2. Credit card records of the passengers?

If passengers continued to use the Internet while the plane was flying, their credit cards might indicate that, since they’d have to buy the Internet access. And if the plane had Web access, someone could have bought something on Amazon while in flight.  Again, this gives us a sense of up until what hour the plane was operating normally.

3. Could the transponderless plane have flown over land?

How difficult would it be for the plane to fly north over Thailand, Myanmar, Bangladesh or India?  Would the plane have been intercepted, or could it have flown through other countries’ airspace?  If not, then that means it must be over the sea.  Though they’ve searched over land in Malaysia, suggesting radar coverage is spotty or they’d have seen it.

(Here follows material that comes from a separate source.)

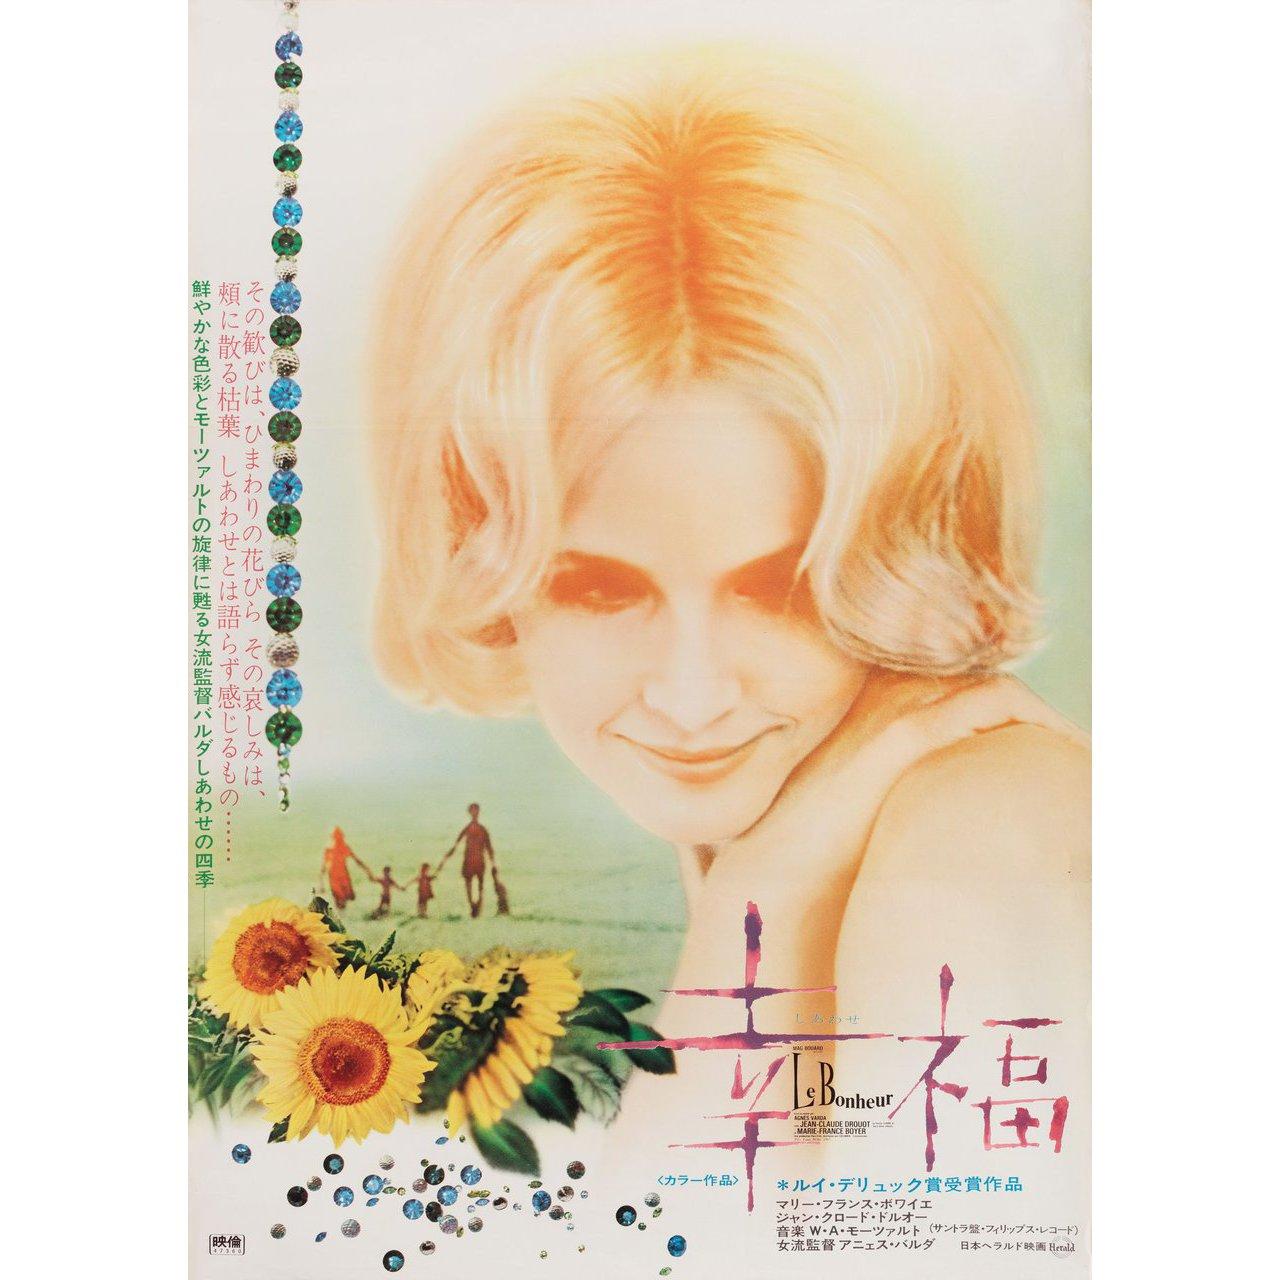 Original 1972 re-release Japanese B2 poster for the 1965 film Le Bonheur (Happiness) directed by Agnes Varda with Jean-Claude Drouot / Claire Drouot / Olivier Drouot / Sandrine Drouot. Very Good-Fine condition, rolled. Please note: the size is

4. What about Diego Garcia?


As I’d noted earlier, there’s “nothing” west of Kuala Lumpur and Indonesia except the huge US naval base at Diego Garcia, in the middle of the Indian Ocean.

Diego Garcia appears to fall near, but inside, the limits of the plane’s maximum travel distance.  That raise a few questions:

a. Could Diego Garcia have been the target of a terrorist plot using this plane?  Could you imagine a US naval base having to choose whether to shoot down a fully-loaded civilian airliner out of the sky?  There was a lot of discussion about how there were no “rich targets” in that area.  Diego Garcia is one such rich target.

b. What radar coverage does Diego Garcia have, and has it been checked?

c. What about our ships and subs in the area, would their radar and sonar potentially have picked up a plane heading in their direction or crashing in the seas?

d. Satellite coverage. I just saw an expert on CNN say there’s no reason for there to have been satellite coverage over the Indian Ocean, except that Diego Garcia is there.  So are we sure there’s no satellite coverage?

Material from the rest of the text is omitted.